### What you will do
Lower down are entries containing pictures. Copy exactly, without those pictures, the lines from the line with "State of Michigan" through the line with "Goals galore as".

### Records
>>>>

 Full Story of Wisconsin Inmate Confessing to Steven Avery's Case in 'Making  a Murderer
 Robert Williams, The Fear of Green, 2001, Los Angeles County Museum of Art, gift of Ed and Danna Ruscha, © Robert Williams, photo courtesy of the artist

<<<<
>>>>

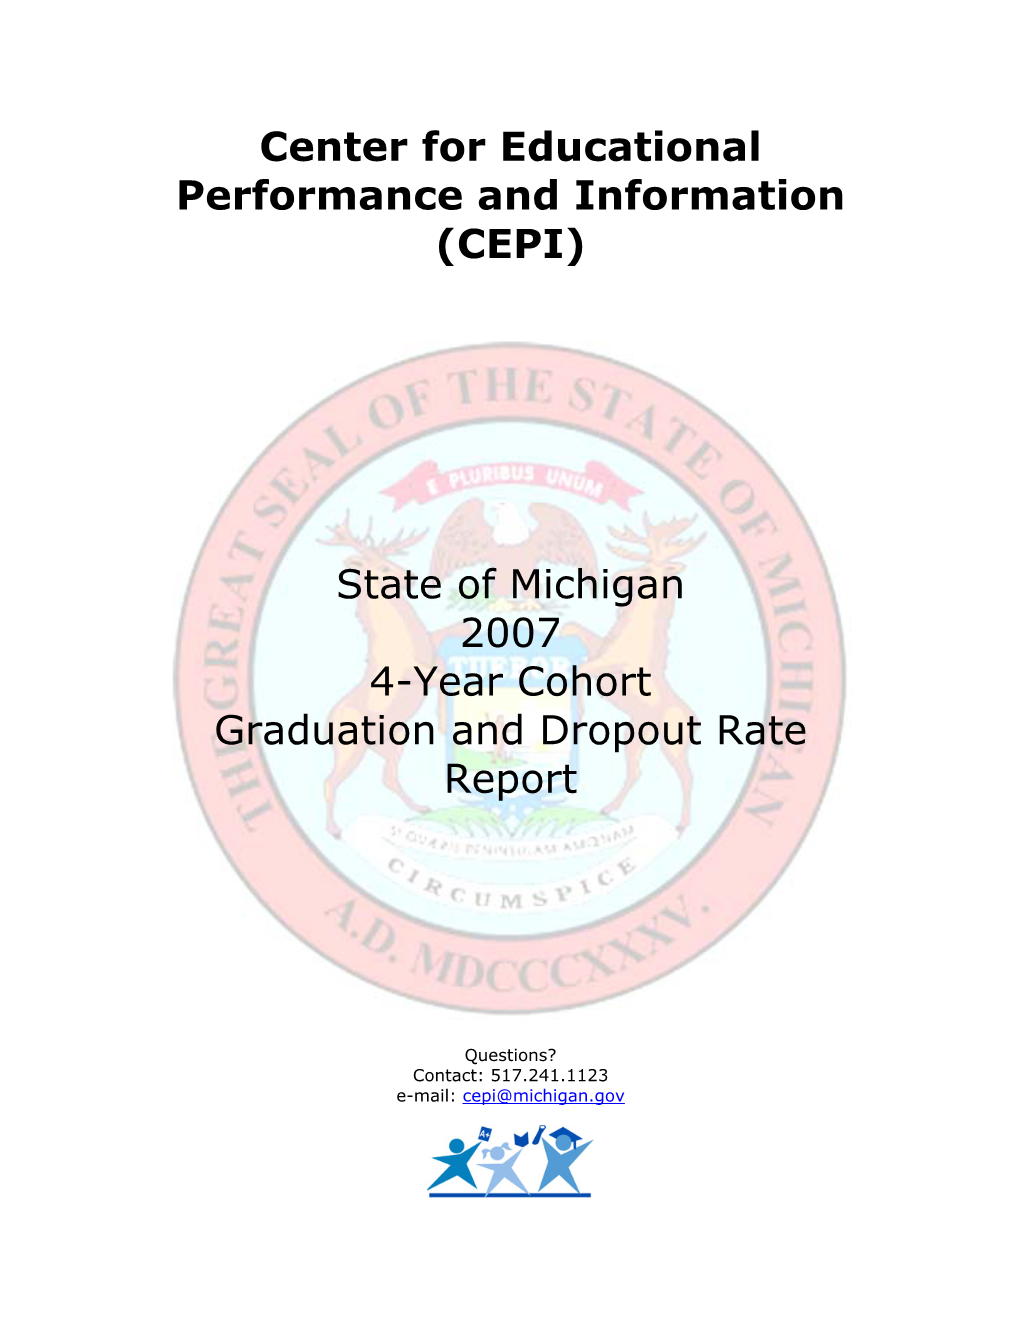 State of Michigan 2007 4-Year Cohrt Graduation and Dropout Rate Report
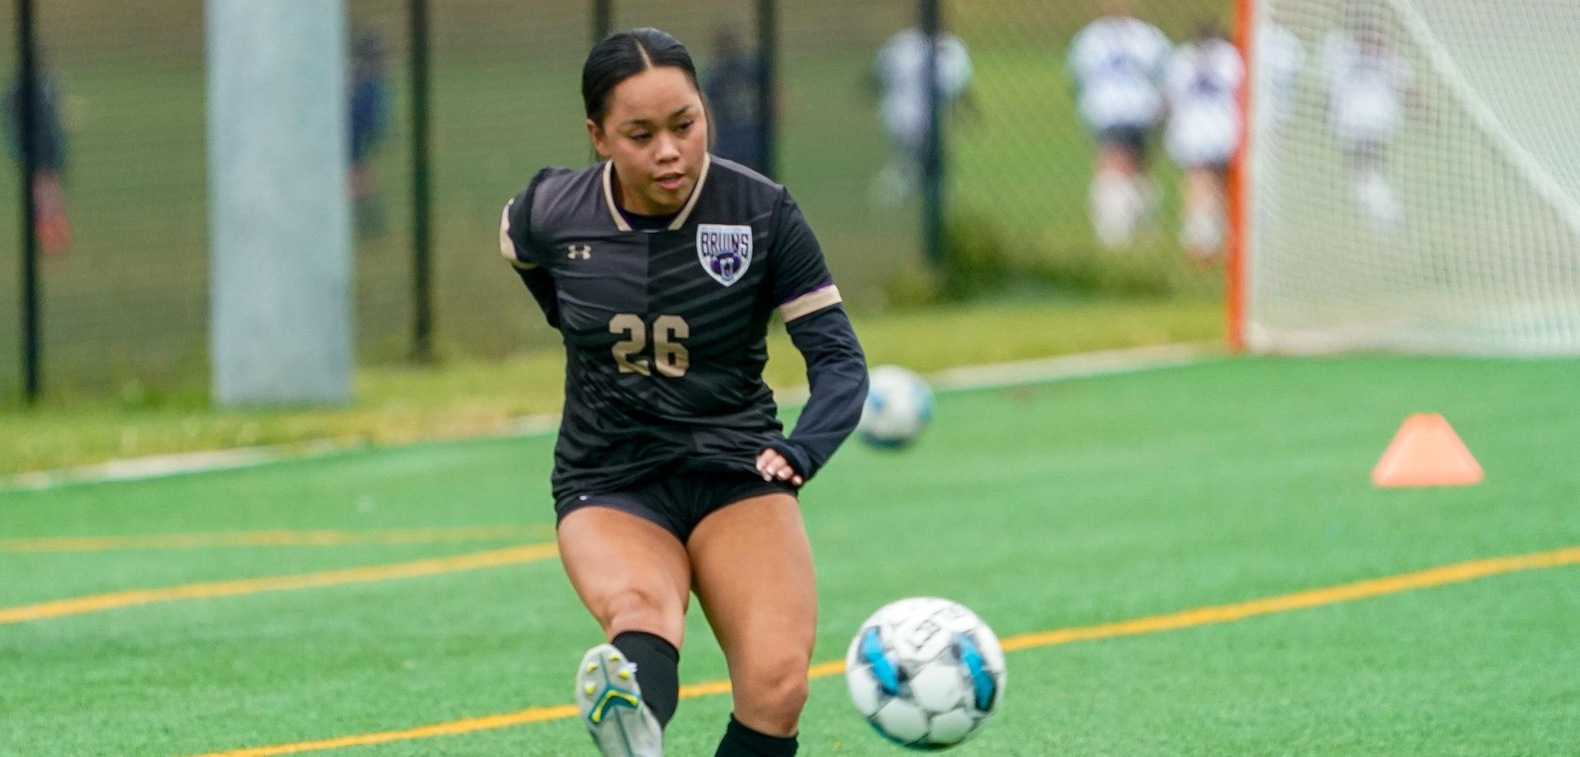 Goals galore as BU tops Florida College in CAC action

<<<<

### Response box
 State of Michigan 2007 4-Year Cohrt Graduation and Dropout Rate Report
 Goals galore as BU tops Florida College in CAC action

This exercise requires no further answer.